I was once told that it was a beautiful thing that I was getting a degree.
This comment came from the mother of another young woman with a similar level of disability to me. And in fact with cerebral palsy which is what I have. And yet she was shocked that I would have these natural aspirations for myself.
In my 23 years as a person and having spent most of that in the education system I am still constantly taken aback that my achievements -- achievements that would just be normal expectations for my able-bodied twin sister -- are called exceptional.
It reinforces for me the appallingly low standards that we seem to have for disabled people's learning opportunities and for their full citizenship. It reinforces that we do not expect them to contribute to society or enrich our lives as citizens of this country. And that has to stop. I am an honours student. That is the other part of the reason why I am here.
I remember as a five year old, being worried what would happen when I was going to school on my own, and it was teacher aide support that allayed this anxiety. Sure it was difficult, but what worked was when teacher aides had the time to meet me as a full person and engage with my learning needs that way.
Over my years as a student my needs have changed, but I wouldn't say they've decreased. They've simply had to become more targeted, more shaped by the strong aspirations that I have for my adulthood. And I am worried that the proposed changes will mean that people cannot aspire to this kind of adulthood -- to an independent one, to one where they can hope to be full contributors to society.
And I am sick of being an exception.
I want there to be disabled people in our tertiary institutions. I want them here in Parliament.
(crowd cheering)
And I hope that this kind of turnout is indicative that we all want that to start now, thank you.
(applause)
Bernadette: Thankyou Etta, and we do want it to start now, yesterday, last century.
Rachel Noble
Bernadette: Now I'd like to introduce Rachel Noble. Kia ora Rachel.
Rachel: Thank you. Wow so many of you here - that's really really brilliant.
I'd just like to say I've been around in the education space as a student, as a teacher, and as an advocate for around fifty years. My parents fought like you parents now. I had to be determined at school, with the constant threat of rules.
My brother didn't have those rules so why did I have those rules, why do the children now have these rules?
I've seen the same pattern happening over and over again and again and we still see that happening today. We've been reviewed and updated to death.

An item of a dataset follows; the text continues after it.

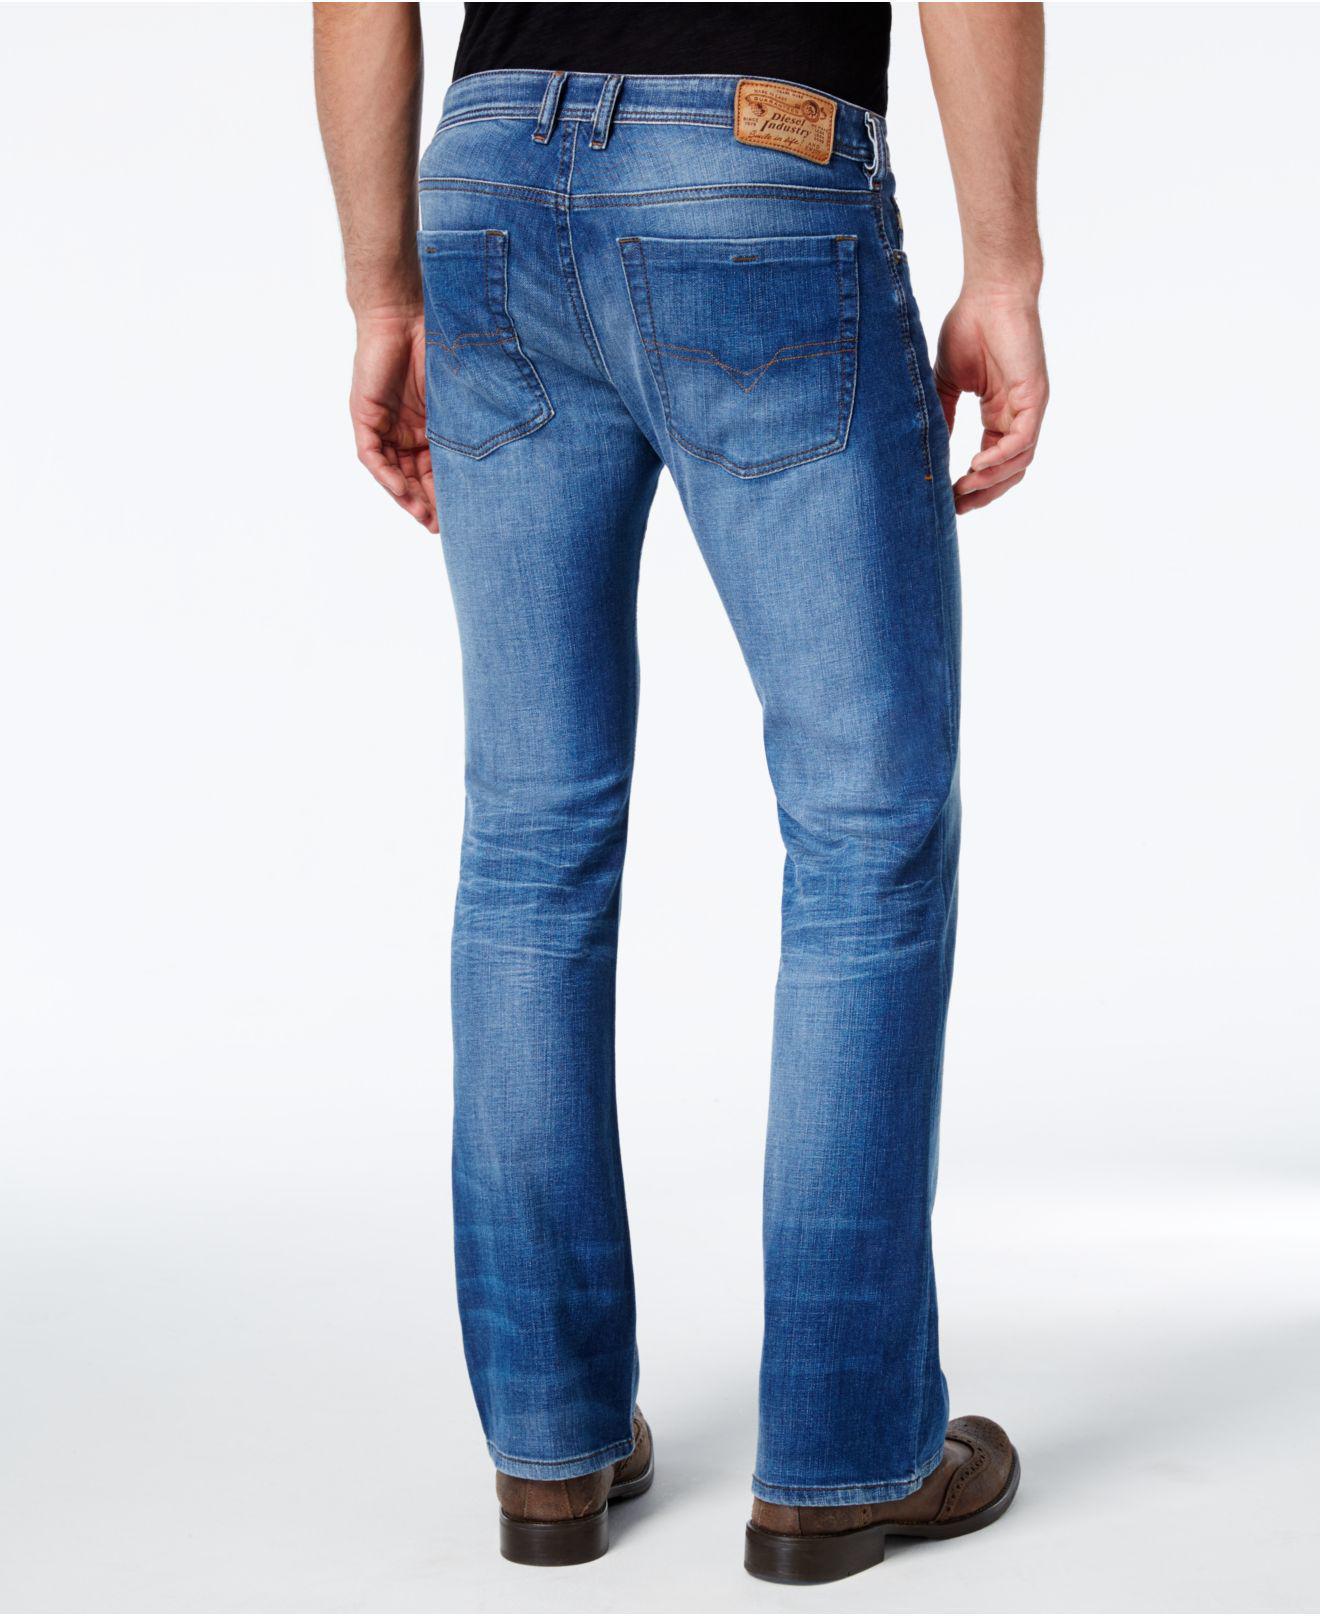 770bcfb4 DIESEL Men's Zathan 0831d Bootcut Jean in Blue for Men - Lyst

We are people. We are not objects. We are not a burden. We are not a drain, we're not broken. We do not need or want to be fixed. We are not difficult add ons. We are valuable. We are productive citizens. We have a right to go to school. We have a right to access education and then to access employment.

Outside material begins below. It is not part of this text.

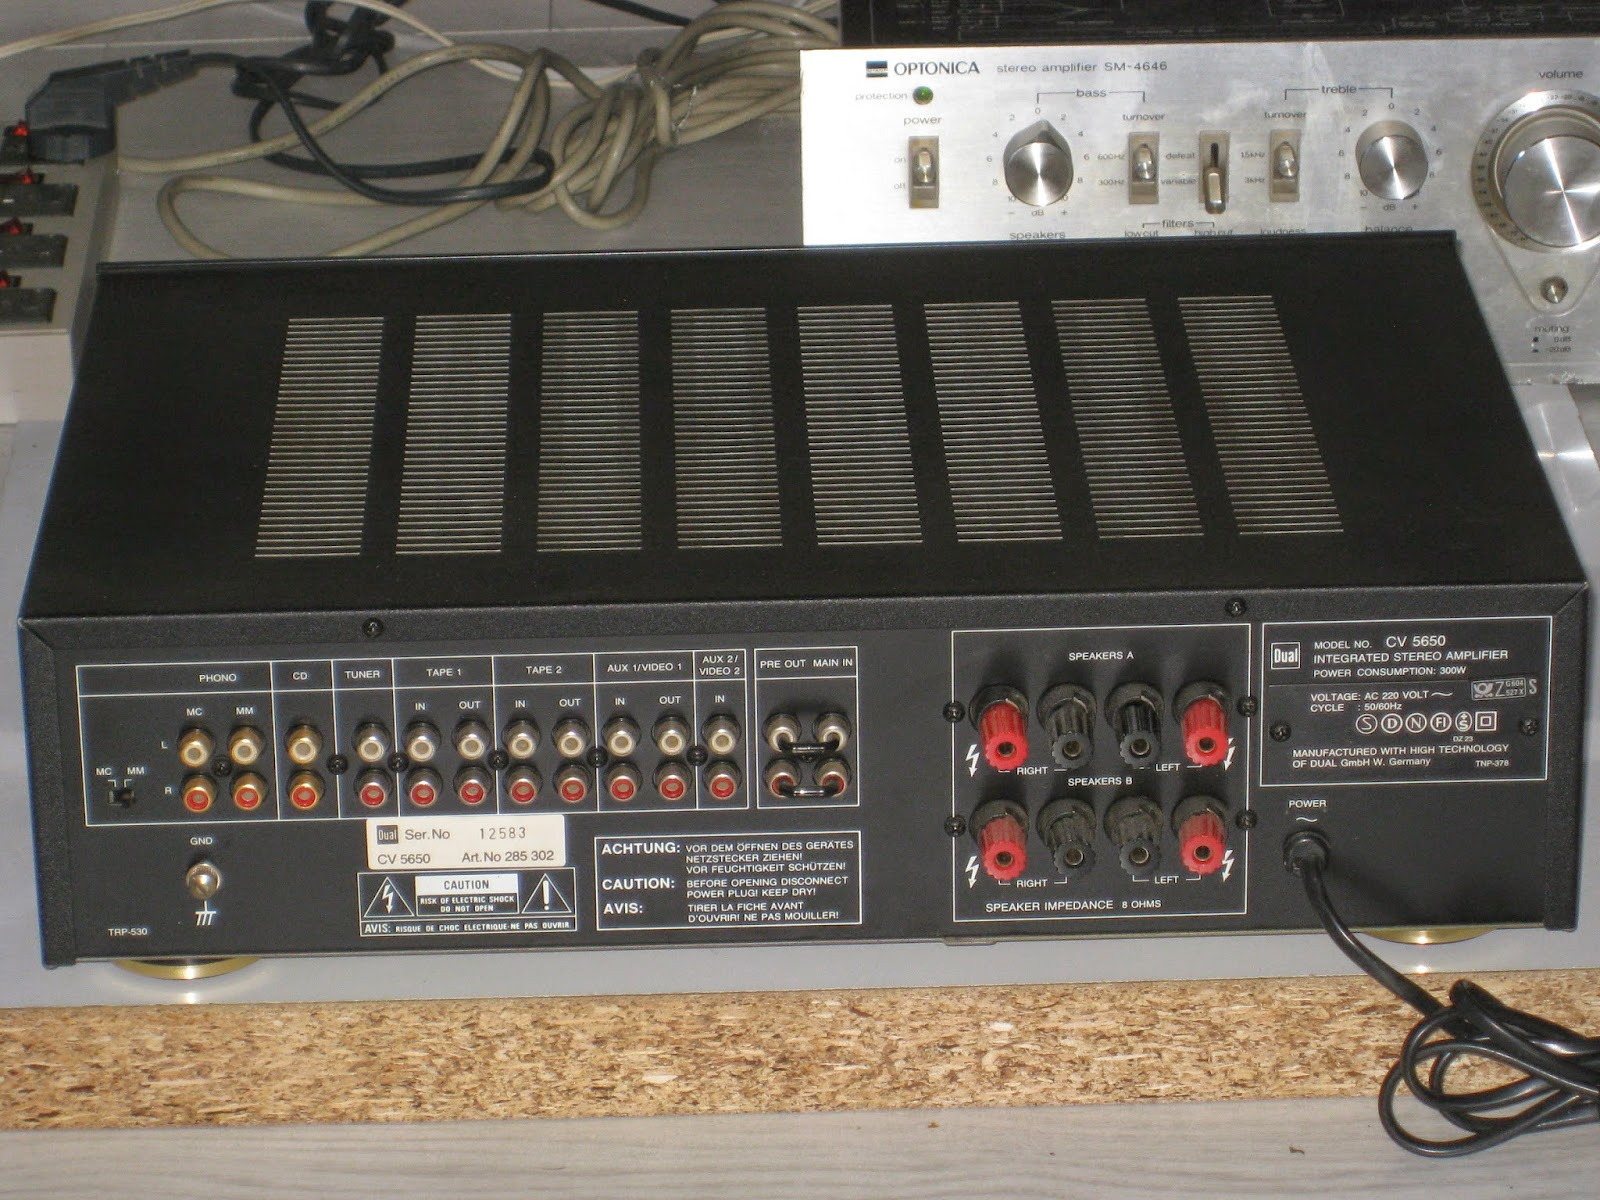 Concept Amplifier Manual

At the moment only 45% of disabled adults are in the workforce compared to 72% of the non disabled workforce - too big a difference.
Back in 1989 there was hope when Tomorrow's Schools came in. We thought that would be the answer to the issues that were in place up till then.
However since then many of us here have participated in so many reviews, inquiries, advisory groups -- we've seen report after report come out saying that the system is not working for us.
Recently, Auckland Youth Law and the Human Rights Commission produced a report saying the same thing as the IHC complaint when it first came out eight years ago. It's an ongoing conversation. Everyone is calling for systemic change not a tinker.
(crowd cheering)
All of us here have a vision. We have a vision for fully inclusive education system. When we finally have this we can then honestly say that NZ has a quality education system for all young people. But not now, definitely not now.
New Zealand led the development of the Convention on the Rights of Persons with Disabilities as a document, and we signed it in 2008. This document will only become a reality in NZ when we finally see inclusive, equitable quality education in place. And when we see lifelong learning opportunities for all. And when we see a system based on equal opportunity and freedom from exclusion.
(crowd saying 'yeah!')
So the education for all working group we have going, we started working together in 1999 for Tomorrow's Schools and we then regrouped in 2012. When we regrouped it was amazing how quickly we connected. We are disabled people, families, educators and academics.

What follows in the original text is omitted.